Antaeotricha superciliosa

Scientific classification
- Kingdom: Animalia
- Phylum: Arthropoda
- Class: Insecta
- Order: Lepidoptera
- Family: Depressariidae
- Genus: Antaeotricha
- Species: A. superciliosa
- Binomial name: Antaeotricha superciliosa Meyrick, 1918

= Antaeotricha superciliosa =

- Authority: Meyrick, 1918

Species of moth

Antaeotricha superciliosa is a moth of the family Depressariidae. It is found in French Guiana and Brazil.

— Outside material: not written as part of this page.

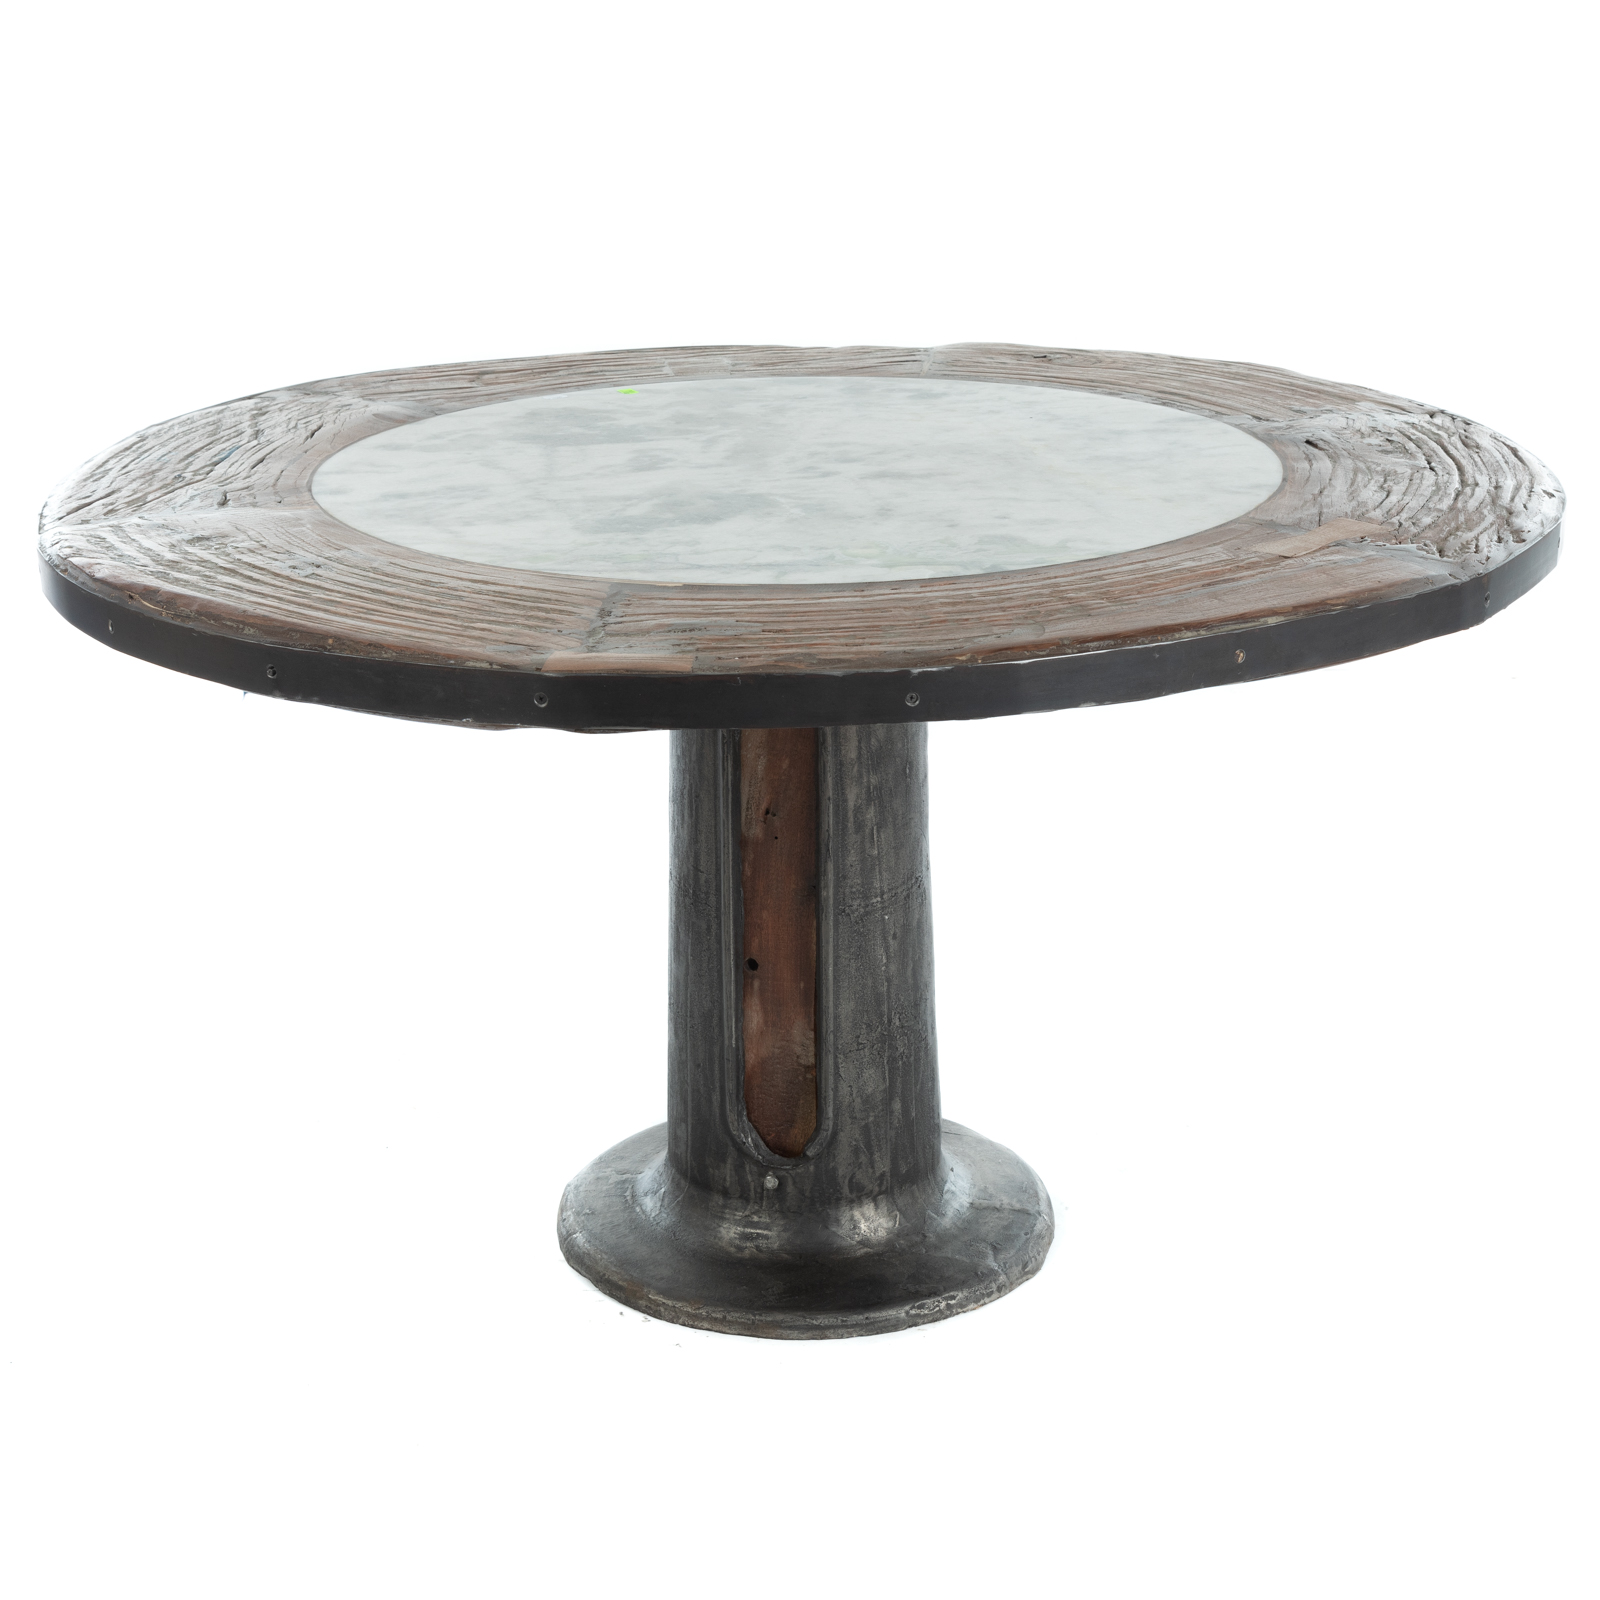 ROUND INDUSTRIAL RUSTIC DINING 36a762
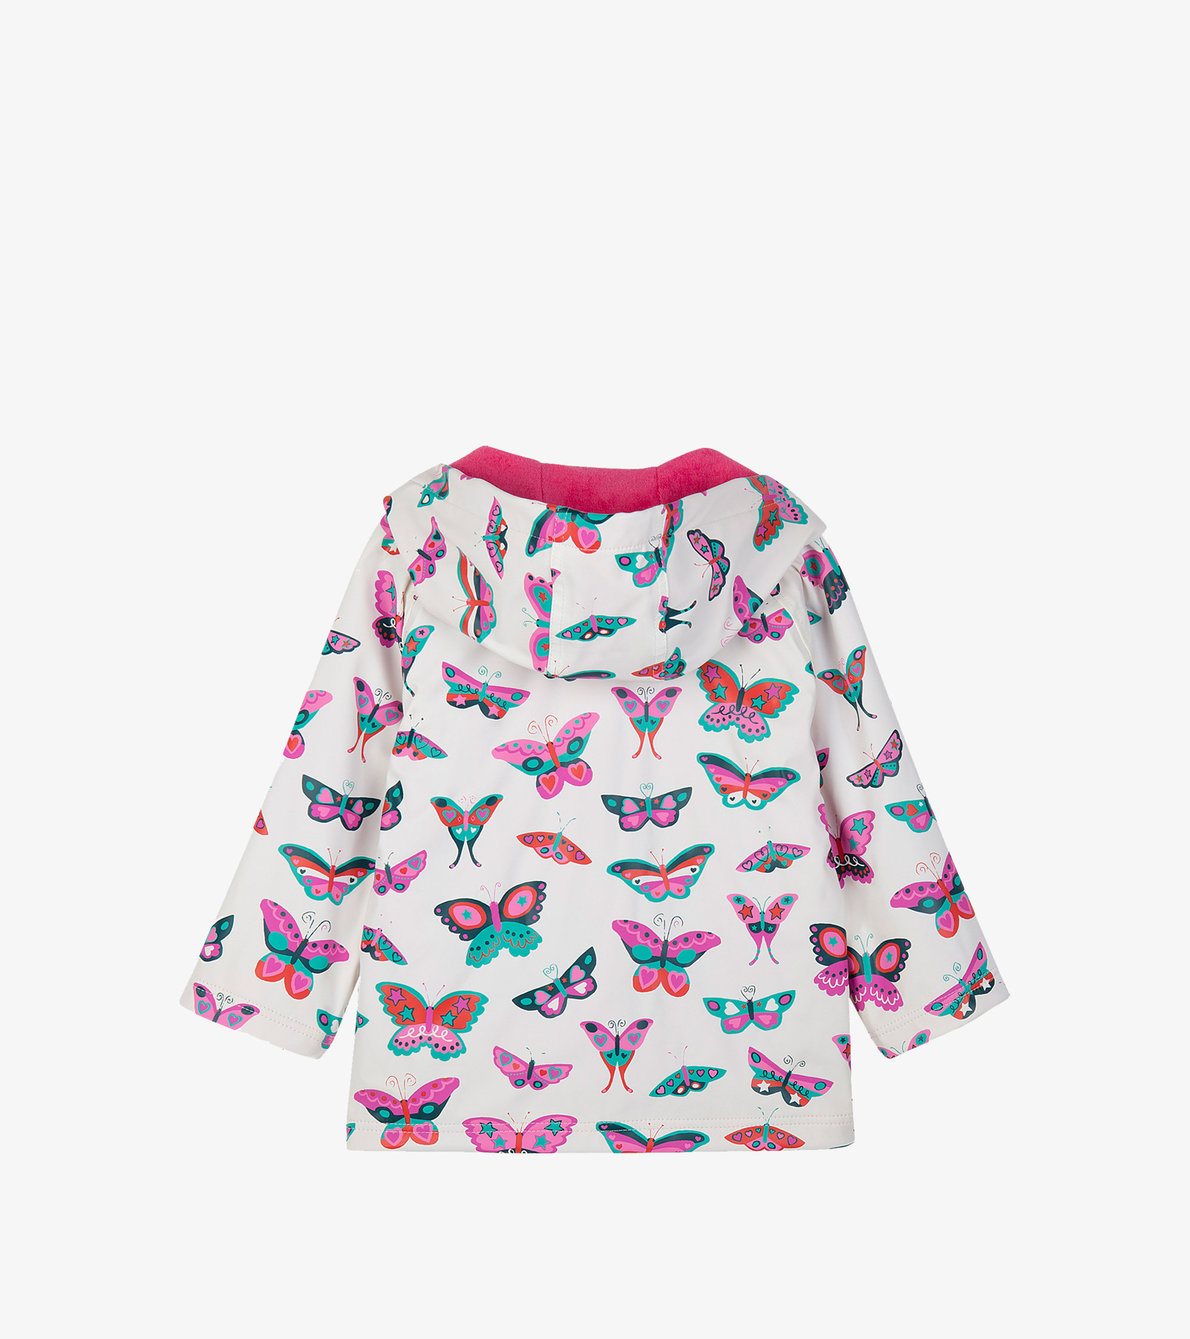 View larger image of Groovy Butterflies Raincoat

The wingspan is about 23 mm. The forewings are ochreous-whitish or pale whitish-ochreous, with a broad dorsal band of irregular greyish or light fuscous suffusion occupying nearly half the wing and with the costa narrowly pale ochreous. There is an elongate patch of roughly raised hairscales extending in the disc from near the base to near the middle, between this and the costal streak several irregularly placed blackish-grey dashes. There are obscure streaks of fuscous and dark fuscous scales between the veins on the posterior half of the wing, terminating in dark fuscous dots around the apex and termen. The hindwings are whitish, the costal area expanded and fringed with rough scales on the basal half and with a patch of projecting scales at three-fourths, both these areas suffused dark grey beneath, above with a long ochreous-whitish subcostal hair-pencil from the base reaching to three-fourths.